The paint and coatings industry is important to the UK economy, contributing £2.8bn to GDP and supporting a wider £150bn supply chain; 20% of the UK’s GDP is dependent on the sector[1].  In addition, the UK is a net exporter of paints and coatings, and three quarters of the paint sold in the UK was manufactured here.

Liquid paints are comprised of three main components: polymer resins provide the film-forming properties of the paint, adhering to and protecting the underlying substrate; inorganic and organic pigments provide aesthetic properties and, in some cases, provide additional functionality in the form of UV protection and contribute to the finish of the paint film; these constituents of the final dry paint film are delivered to the substrate, suspended or dissolved in a liquid carrier that is either water or organic solvent.  For architectural coatings, water-borne paints dominate solvent-borne products, with around 85% of the market share in Europe[2].

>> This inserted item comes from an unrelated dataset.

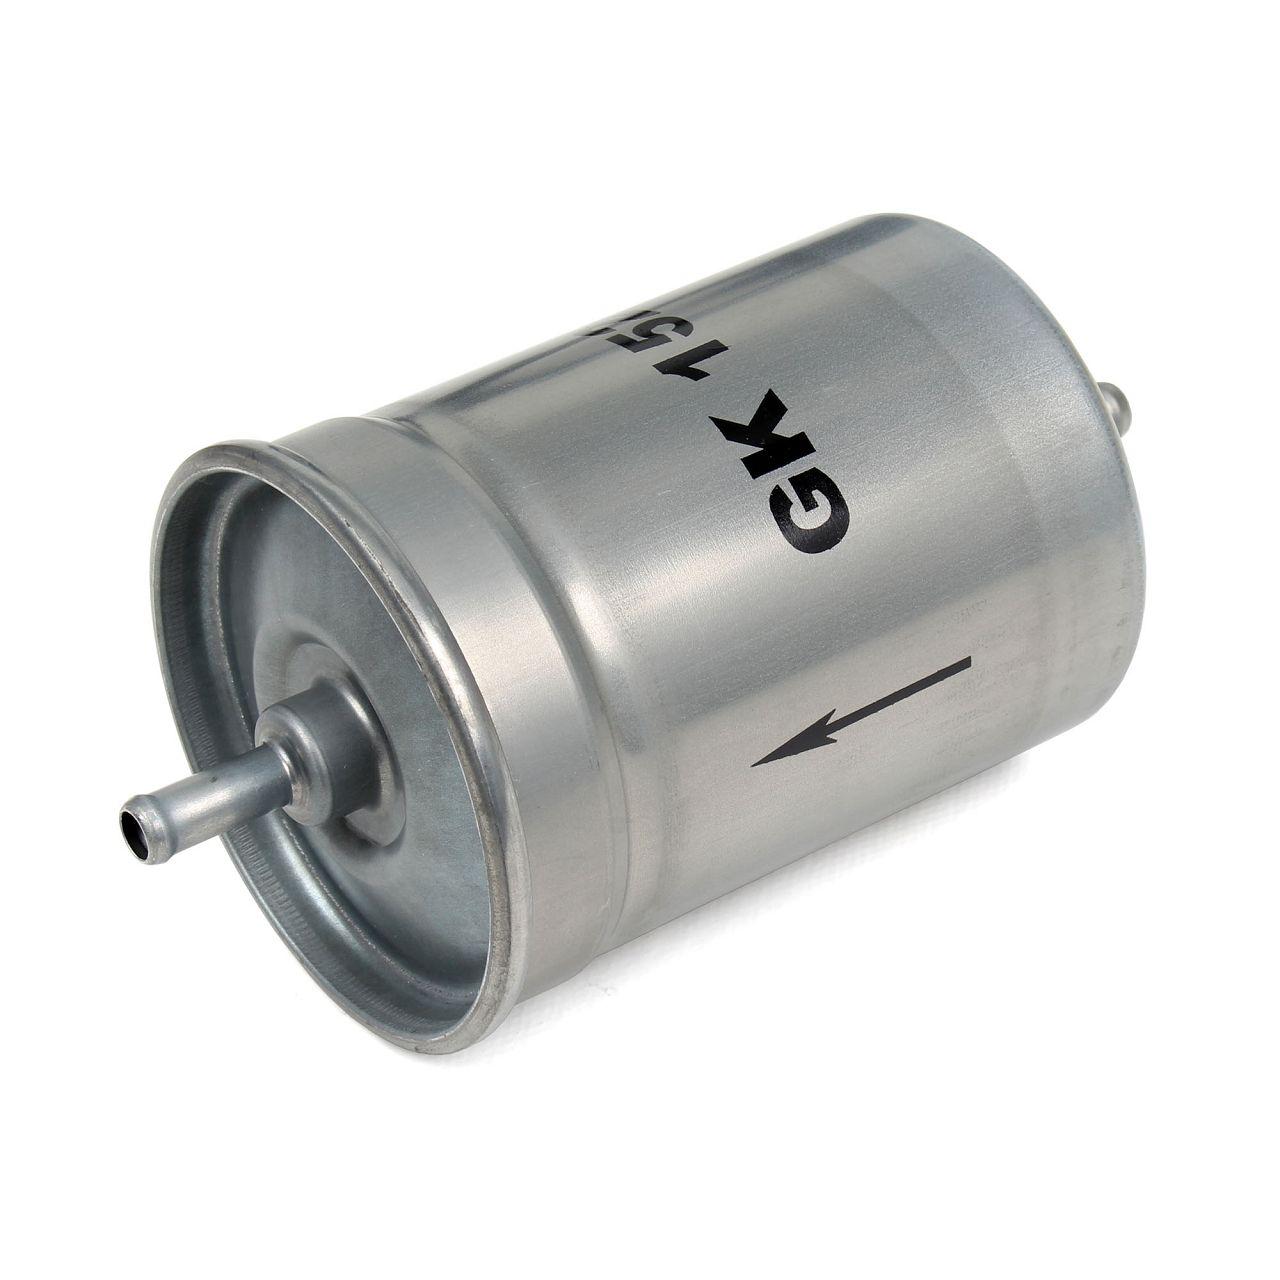 Filterpaket Filterset für Audi A6 (4B C5) 2.4 2.7T 2.8 3.0 136-250 PS

Discussions around the problem of ocean plastics are often illustrated with dramatic images of floating rubbish composed of plastic bottles and bags; lately the debate has expanded to include microplastics, small plastic pieces less than 5 mm long.  These microplastics may be in the form of microbeads used in personal care products; those generated through use of a product e.g. the wearing away of tyres and the fibres released from synthetic clothing during washing; or the result of fragmentation of the larger discarded plastic items. It is widely agreed that the best way to tackle ocean plastic pollution is to address the cause of pollution, rather than cleaning up the effects and considerable attention has been focussed on reduction and recycling of the growing plastic waste generated by the packaging sector.  According to data released by the UK Department for Environment, Food and Rural Affairs (DEFRA), household waste recycling rates have increased from 11.2% in 2000[3] to 45.7% 2017, with over 70% of UK packaging waste either recycled or recovered in 2017[4].  British Plastics Federation (BPF) statistics indicate that the plastic packaging recovery rate is 78%, with a recycling rate of 46%[5].  Whilst there is still room for improvement, particularly in the volume of plastics arisings in the UK (3.7 million tonnes in 2016[6]), the drive to address packaging waste generation has resulted in the UK exceeding the EU target to recycle or recover at least 60% of packaging waste; there has been little attention to-date on the environmental fate of unused, unusable waste paint.

The problem

Paints are a major contributor to marine pollution in the form of plastic microparticles abraded from coated surfaces and from the disposal of waste, unused paint. The Korea Institute of Ocean Science and Technology found that more than 90% of the synthetic particles in the sea surface microlayer off the coast of Korea consisted of polymers typical of those used as binders in paints; only 4% of particles were the more well-known polyethylene, polypropylene, and polystyrene[7]. These microparticles are particularly concerning because of their entry into the marine food chain and subsequent bioaccumulation.  Whilst microplastics from abraded painted surfaces are thought to be relatively large contributors[8], there is little that the public can do directly to influence these losses.  Plastic waste arising from unused paint is a different story.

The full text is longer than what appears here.